Man Oh Man I should have logged on as 'Dumb Luck!

Don't ask Earthlink anything. (Bless all ISP's) 

After having no success with them I just started deleting files.
First, all cookies, then, temp files and 'Presto' I now have unfettered access to the web.

After deleting temp files I just restarted Total Access. No removal and reinstalation. Just fire it up, enter user info and the brick wall at the server is gone. 
How's that for computer lingo?

Q. How come when I want to solve a problem it eludes me, and when I start wiping things out, I stumble on the fix?
A. Anyone?


----------



## Gabriel

PEGLEG50 said:


> Q. How come when I want to solve a problem it eludes me, and when I start wiping things out, I stumble on the fix?
> A. Anyone?


I have done that too. 
The other day I found 10 Explorer application thingies.
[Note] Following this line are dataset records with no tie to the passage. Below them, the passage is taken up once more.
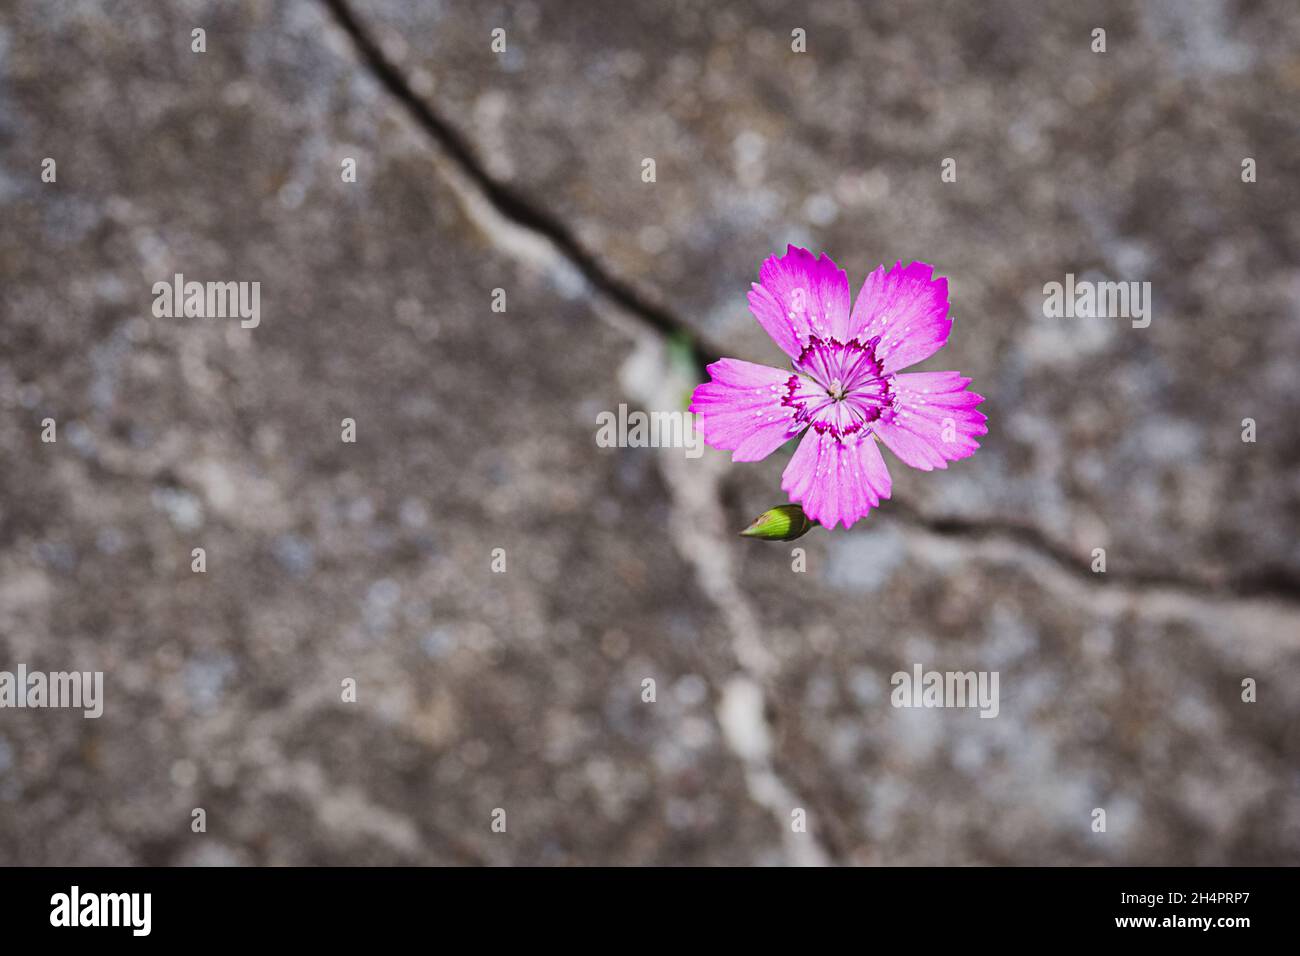 Blume wächst auf dem Felsen, Widerstandsfähigkeit und Wiedergeburt Symbol Stockfoto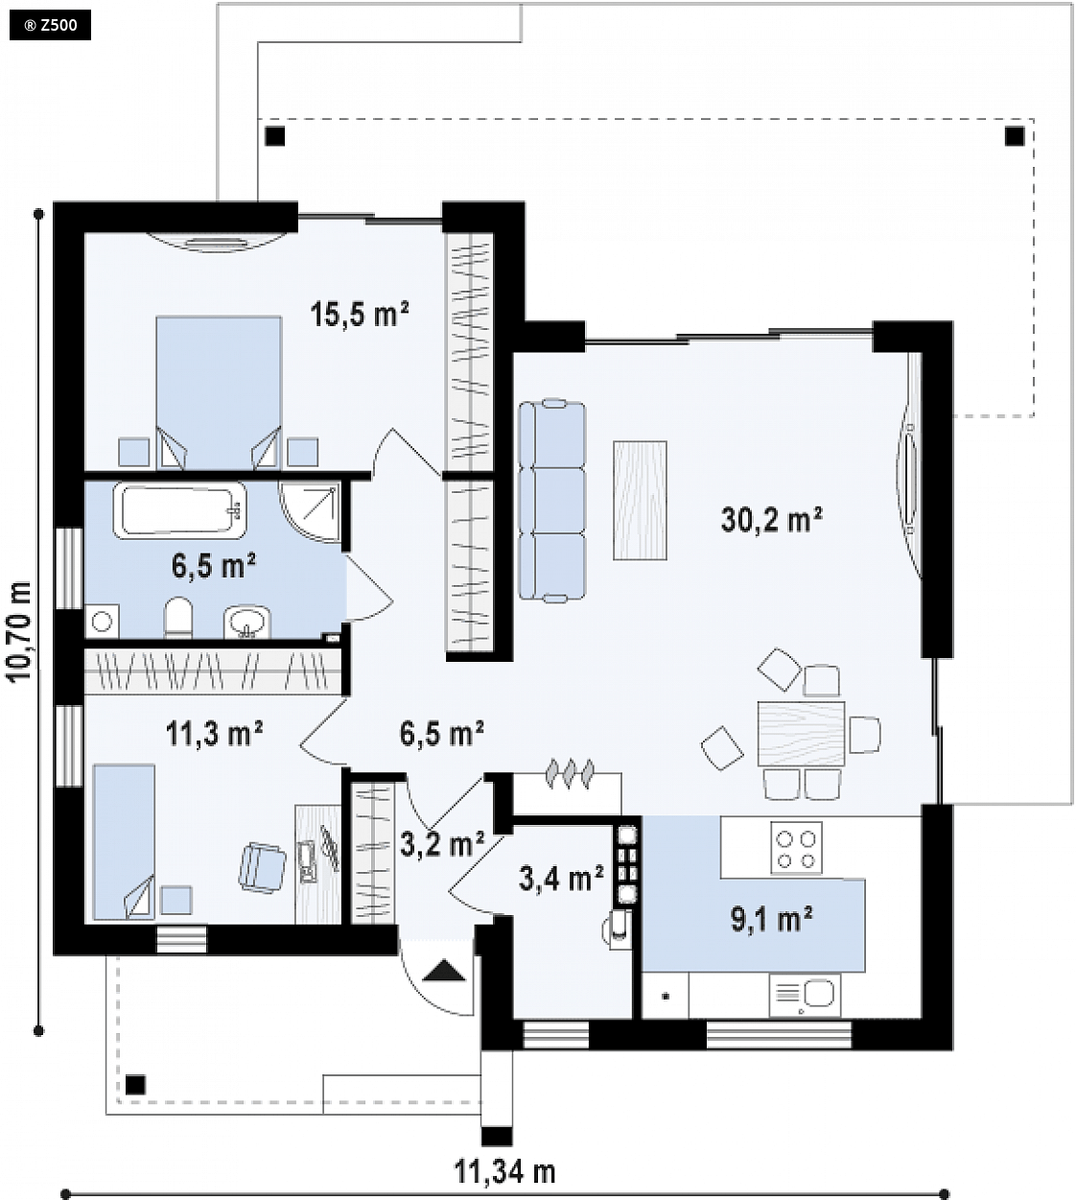 bản vẽ mẫu nhà cấp 4 đẹp với 2 phòng ngủ 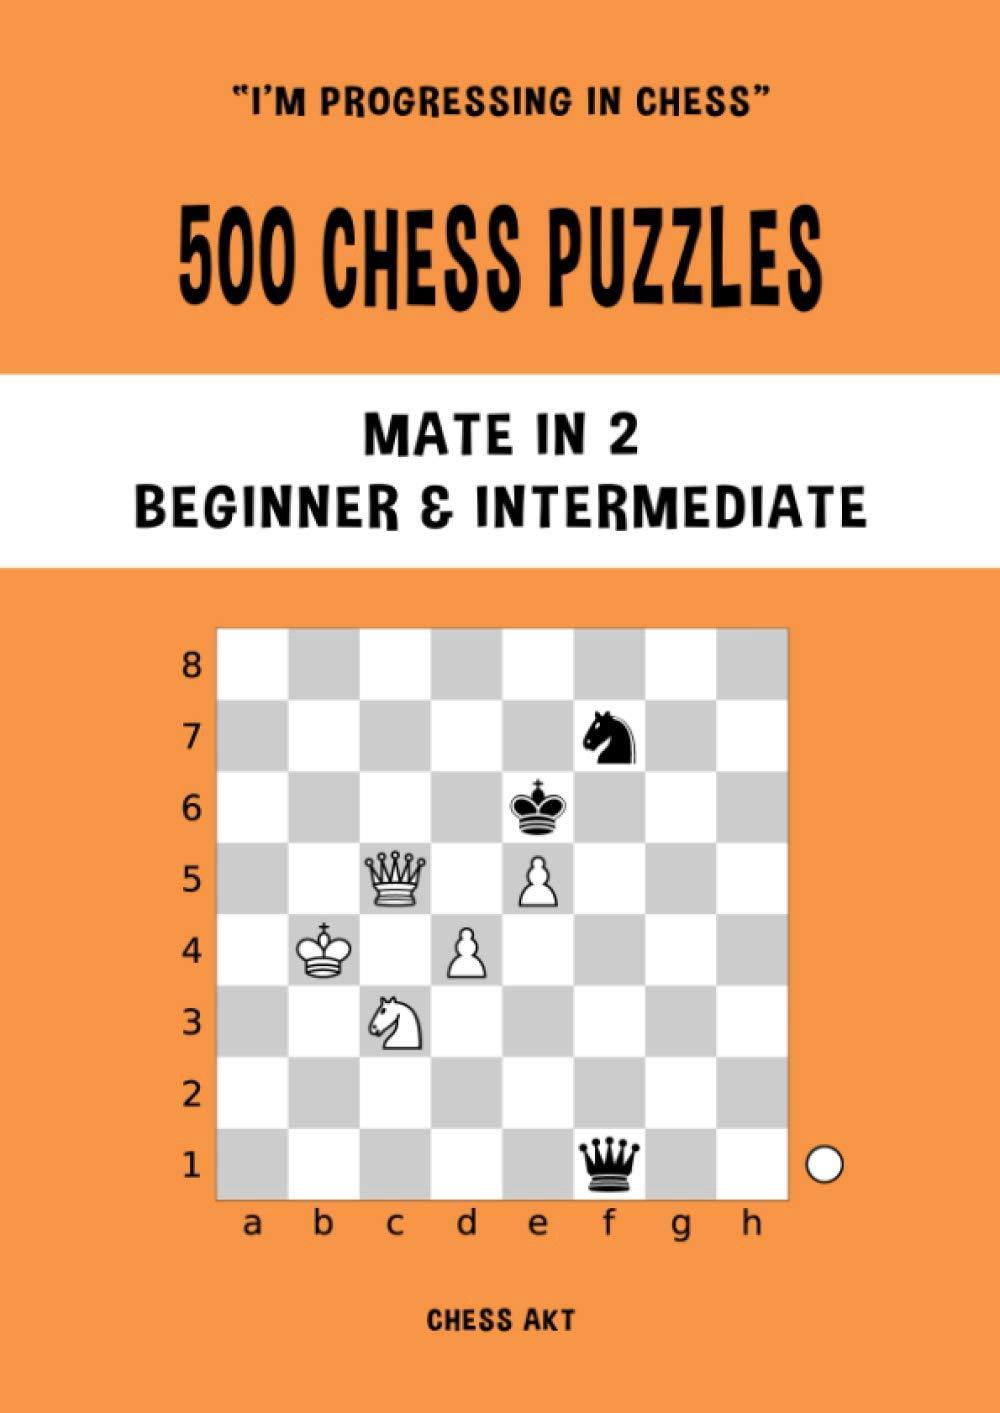 PDF] D.O.W.N.L.O.A.D 500 Chess Puzzles, Mate in 1, Beginner Level PDF Full  / X

I looked at the dates, and they were all old. So I got rid of them.

Prior to this, my PC had an attack that destroyed the firwall, and totally fragmented my Explorer Browser (that was provided by Comcast). My connection to Comcast is gone....but I can still access the internet through Firefox, and indirectly through Windows Explorer.

I cannot get an Explorer Browser to set up and put the access button on the desktop....too weird.
The fragmented Comcast provided Explorer still tries to make contact from time to time....I have yet to find it, but it will pop up or go away as I clean out more junk

This happened once before when I tried to get rid of Mcaffe that was provided by AOL....what a nightmare. The fragments left behind would not let Explorer access the internet at all...I had to go into the registry and do some scary things......then a bunch of junk started appearing that I deleted, and most of the problem went away.

Meanwhile, I had to go online unprotected, as setting an old firewall I had was out of question to the Mcaffe fragments, and I had less than two minutes before it would kick me off...and had to download Firefox to see if that could go around the problem until I could find a solution. I had high speed, so that worked.
And Mcafee fragment nightmare did not recognize Firefox, and I was able to find a better Firewall and download it fast.

It took weeks to clean the mess up, and it never totally got clean.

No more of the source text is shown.